If this supposed lack of love for America merely means an occasional intelligent ability to question the probity and morality of certain of the U.S. government's actions in the past or present, it could be about the best thing about our president.
That being said, and what Giuliani said being said, it's a pretty silly thing to dominate the commentary cycle as it has. People on either side jumped on this sentence spoken by a former mayor like the prize horse that was going to take them across some political finish line, gleeful that supposedly vitally important hidden truths widely believed by America's talk-radio listening right populists were coming from someone of the apparent serious heft of Giuliani.
Or, alternately, gleeful as the supposed dark racism and other-ism and sheer mindless Obamahate that motivates the right is exposed.
Caring that much either way seems a waste of time, but Americans do like a chance to revisit the vitally important topic of how just awful their political opponents are, those America-hating or patriotism-questioning bastards surrounding us.
Sen. Rand Paul (R-Ky.) wants to win over not-traditionally-Republican votes in his hoped-for run for president in the general election in 2016. It's interesting to watch him gingerly stake out territory distinct from what the average intelligent independent voter leery of the GOP might think of as the grosser aspects of Republicanism, the sort of questions of tone, spirit, and tactic that can turn people off more than some specifics of policy.
So Paul told a Kentucky news station, as Mediaite reports, that:
"I think it's a mistake to question people's motives. It's one thing to disagree on policy."
Paul said he's not interested in questioning whether Obama's a "good American or a bad American," because while he may blame the president's foreign policy for making the U.S. less safe, he's not going to question whether Obama's "well-intentioned."

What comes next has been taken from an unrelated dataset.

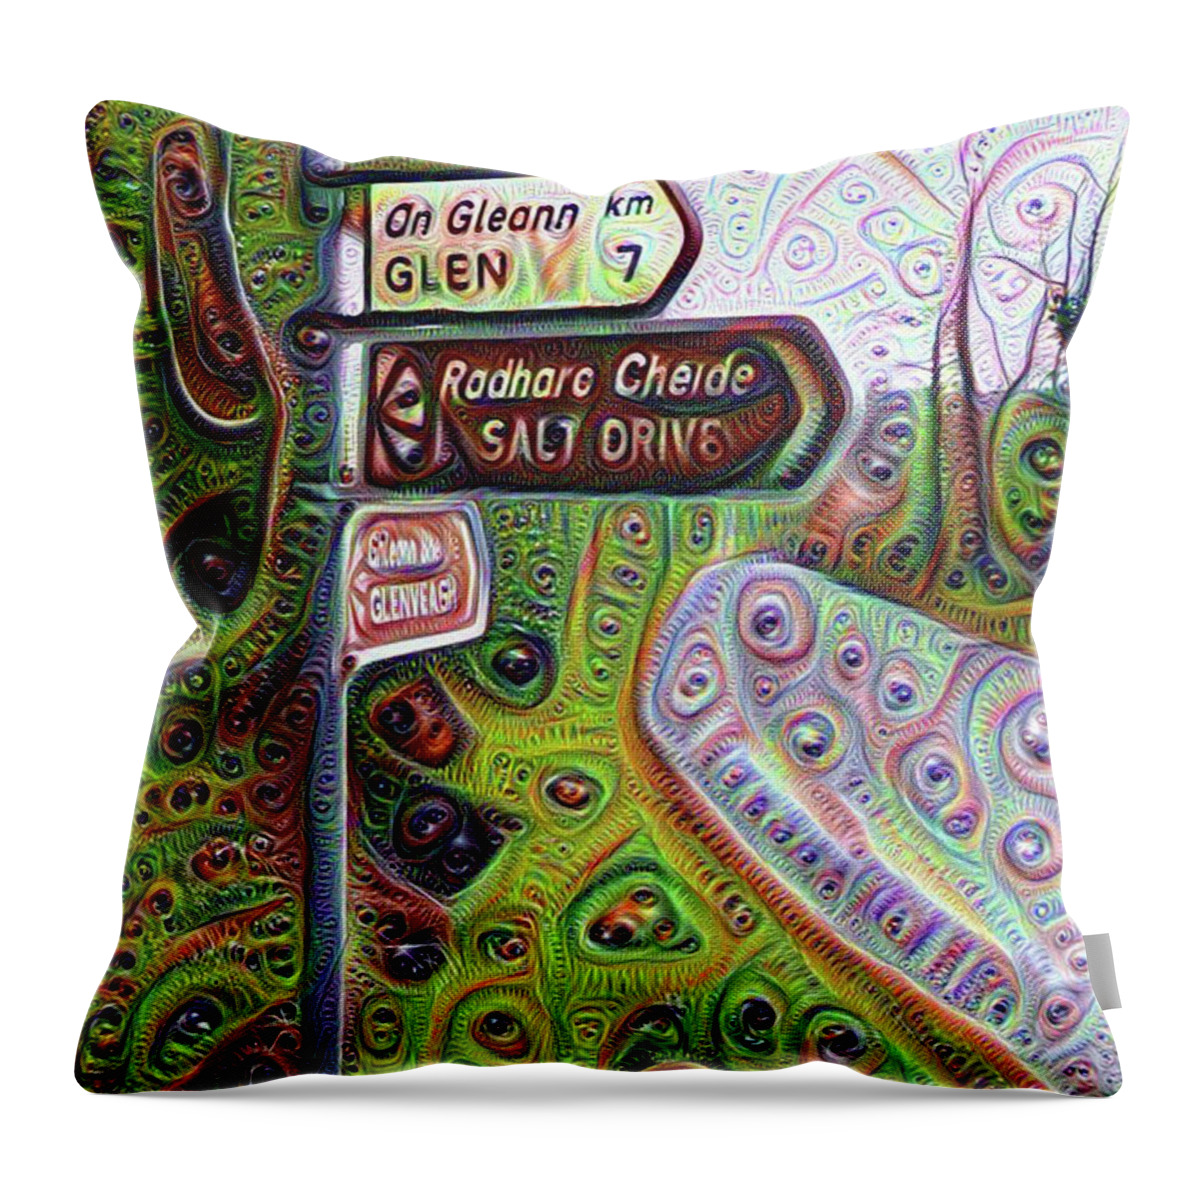 Salt Throw Pillow featuring the digital art Salt Drive Road sign - Donegal Ireland by Bill Cannon

Like Guiliani's Obama, Rand Paul might not love you and he might not love me. And whether this sort of reasonableness will do Paul any good with voters generally skeptical about the GOP who might find it hard to see past, for example, his stands on issues such as abortion, taxing the rich, and cutting spending remains to be seen. But right now it's nice to see Paul not taking the silly road when taking that silly road might make things easier with his own Party's core voters.